RAW DATA:
· · · · ·
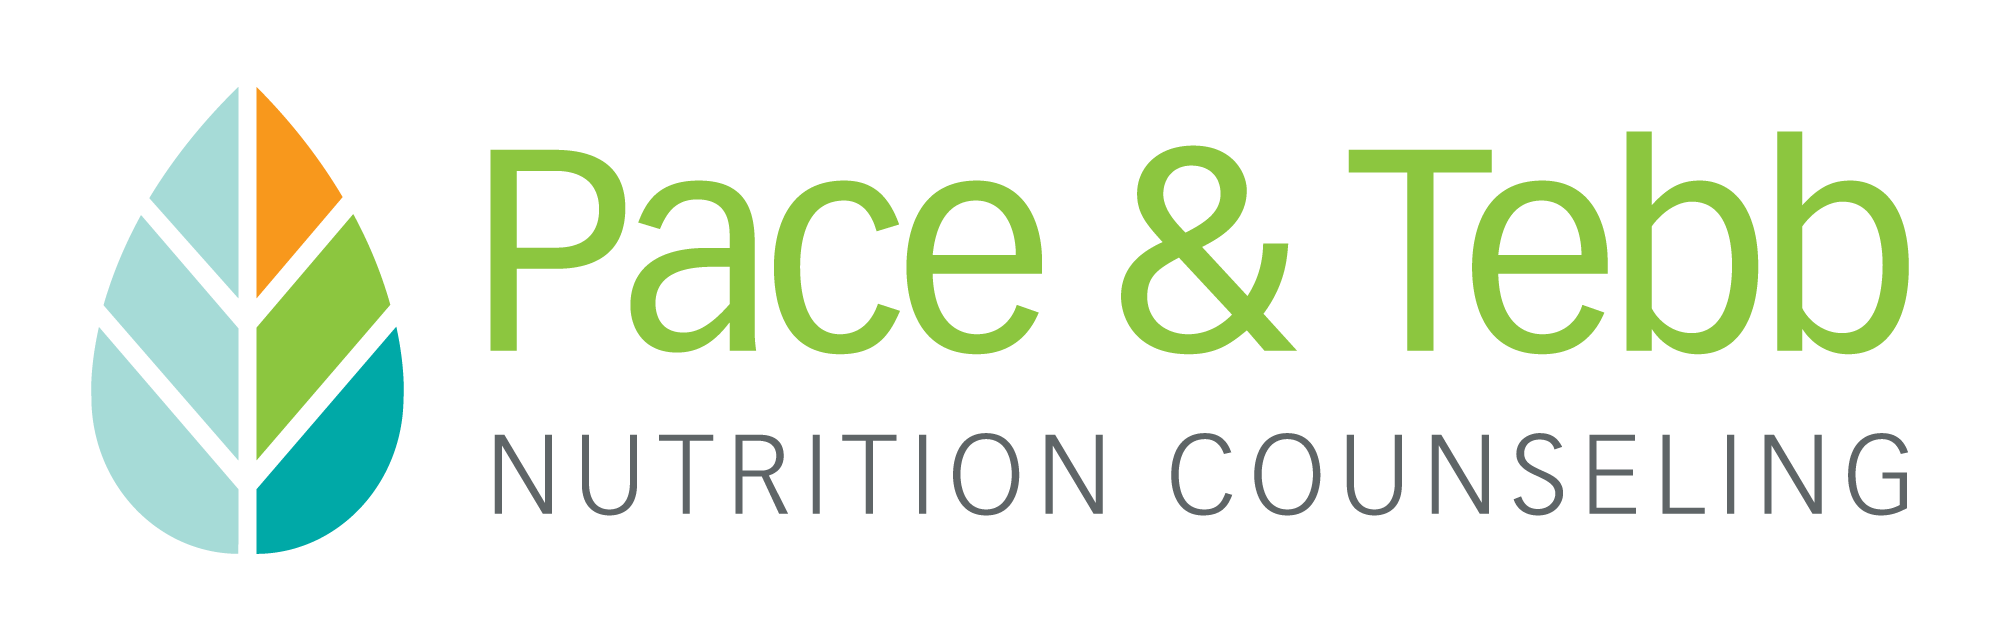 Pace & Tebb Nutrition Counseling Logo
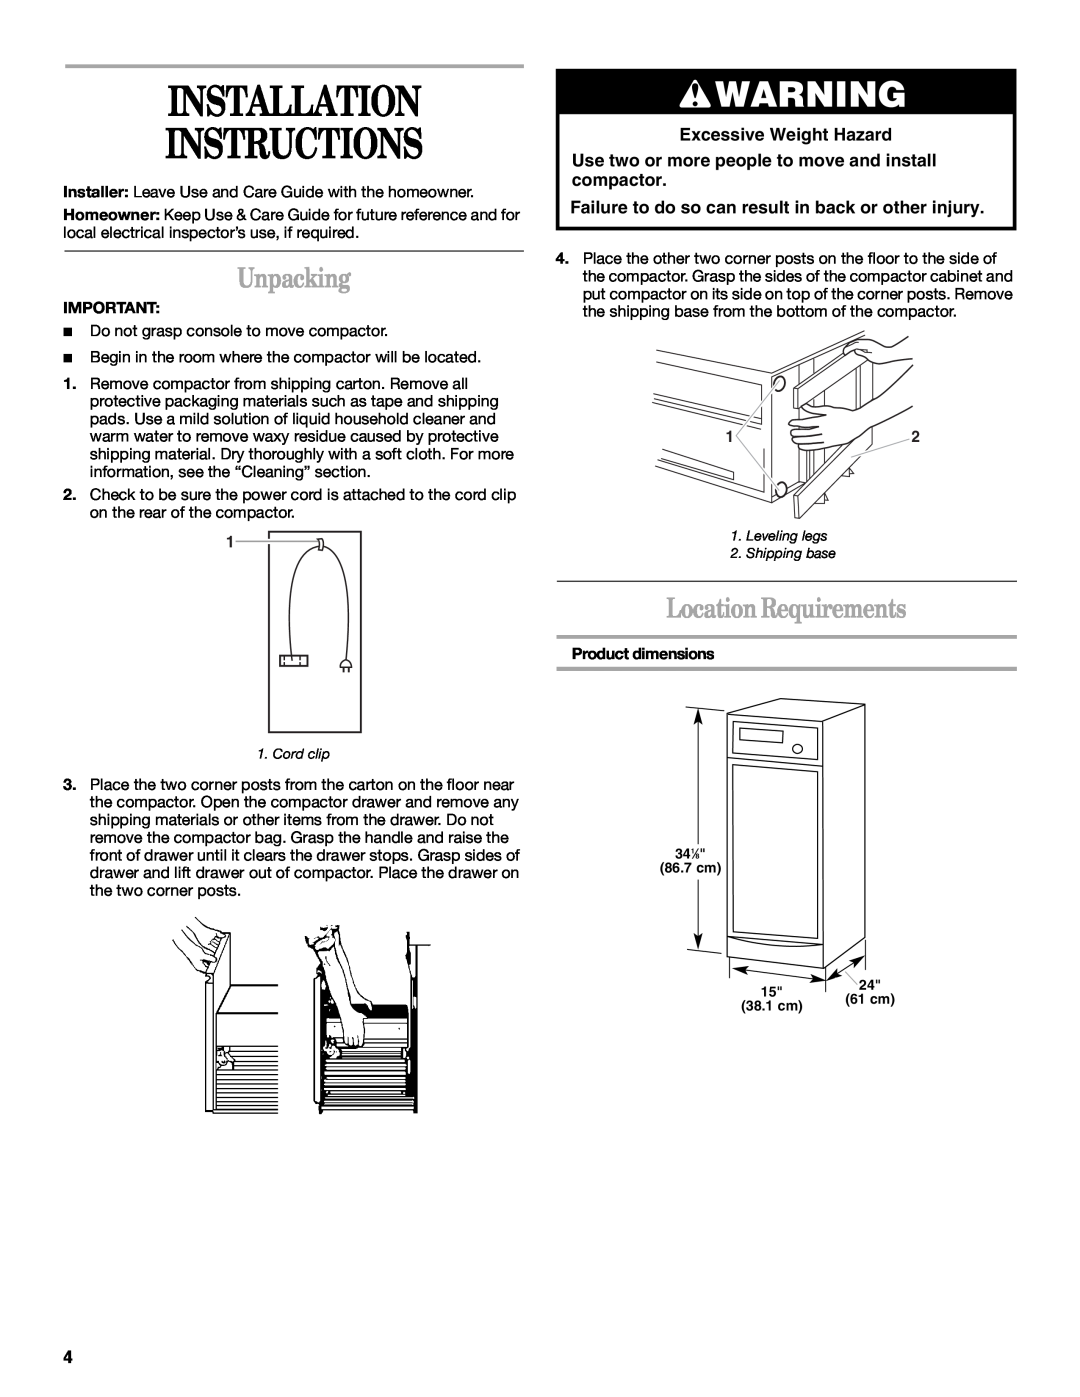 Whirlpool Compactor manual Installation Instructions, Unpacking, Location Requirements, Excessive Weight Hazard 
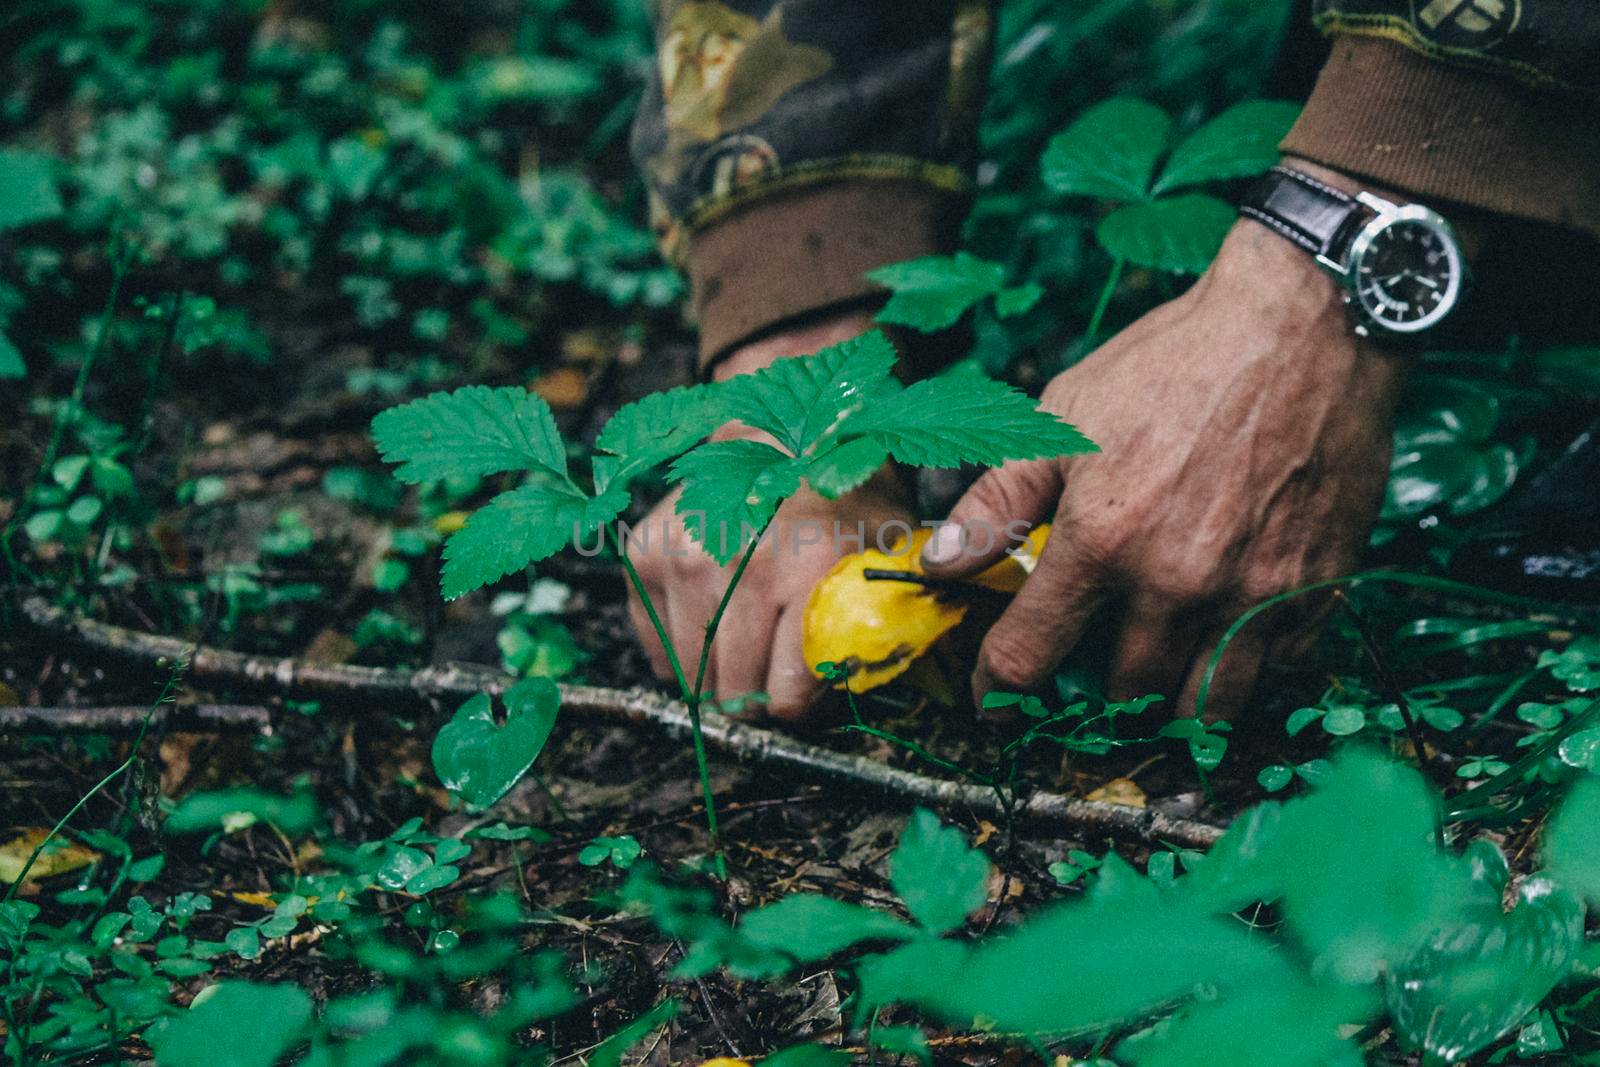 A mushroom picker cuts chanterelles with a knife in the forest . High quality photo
· · · · ·
ACTIVITY:
Take the lines from the one containing "Whirlpool Compactor manual" through the final line of the listing above and print them exactly, including both ends but no pictures.

SOLVED EXERCISE:
 Whirlpool Compactor manual Installation Instructions, Unpacking, Location Requirements, Excessive Weight Hazard 
 A mushroom picker cuts chanterelles with a knife in the forest . High quality photo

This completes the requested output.